Sept. 16, 2015
For Immediate Release
WATERLOO – Award-winning musician, author and playwright Tomson Highway will perform at Wilfrid Laurier University’s Waterloo campus on Friday, Sept. 25 at 10 a.m. during Laurier’s Homecoming weekend celebrations.
The event, titled “A morning with Tomson Highway: The place of Aboriginal literature and writing within the context of Canadian literature,” will begin a new tradition of programming events focused on Laurier’s Aboriginal alumni and community during Homecoming weekend. The event is led by the Office of Aboriginal Initiatives, in partnership with the Laurier Library, Department of English and Film Studies, Development and Alumni Relations office and WLU Press.
“As the Aboriginal Student Centres in Waterloo and Brantford are headed into their fifth year of operation, we will now look for more opportunities to respectfully engage Aboriginal alumni and other interested parties with exciting, campus-wide events,” said Jean Becker, senior advisor: Aboriginal Initiatives. “We look forward to re-connecting with alumni we know and meeting others for the first time.”
Highway is a novelist, playwright and musician, and a Cree of the Barren Lands First Nation in Nunavut. Highway studied music and English literature at the University of Manitoba and the University of Western Ontario, earning both his Bachelor of Music Honours and Bachelor of Arts.

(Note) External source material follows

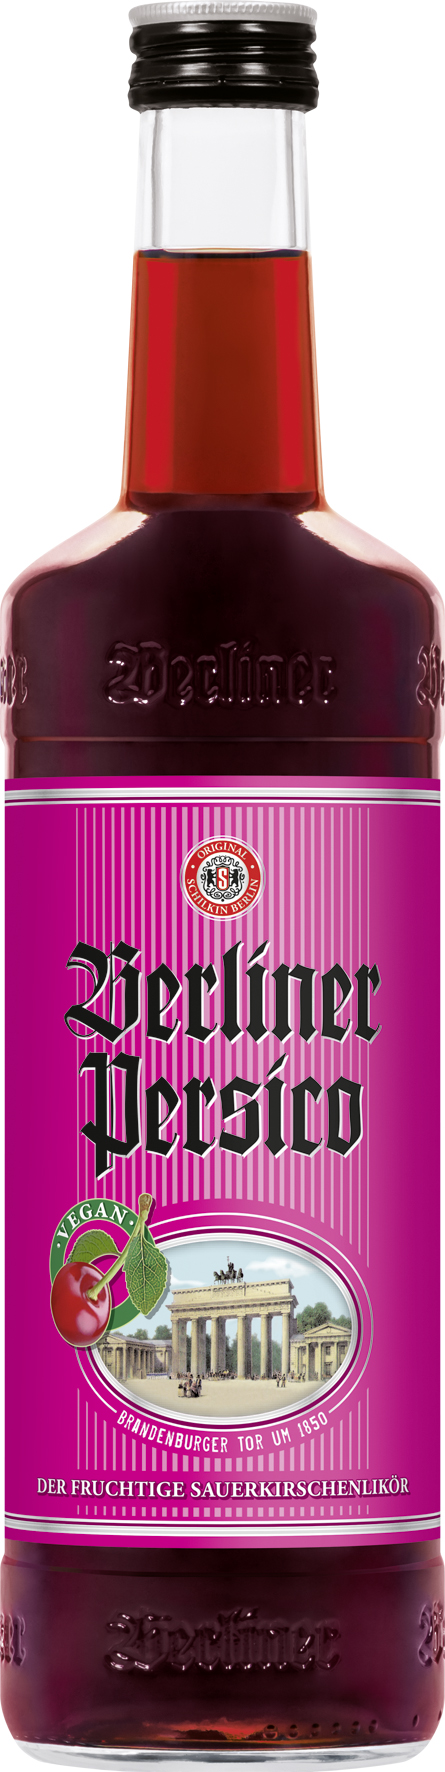 Berliner Persico Sauerkirschlikör - 0,7L 16% vol

He worked in the field of Aboriginal social work for seven years, but left to pursue the arts. He achieved national and international recognition in 1986 with his sixth play, the multi-award-winning The Rez Sisters. Since then, he has written award-winning plays, held the position of artistic director of Native Earth Performing Arts, and published a bestselling novel, Kiss of the Fur Queen, as well as three children’s books.
Among the many awards he has received are the Dora Mavor Moore Award for Best New Play and Best Production, the Floyd S. Chalmers Canadian Play Award, the Toronto Arts Award, the Wang Harbourfront International Festival of Authors Award, the Silver Ticket Award, the National Aboriginal Achievement Award (2001), the Order of Canada (1994), and many others. He is the recipient of 10 honorary doctorates and has held writer-in-residence positions at several Canadian universities.
The Sept. 25 event is free and open to the general public beginning at 10 a.m. and will be held in the Hawknest, located in Laurier’s Turret Nightclub.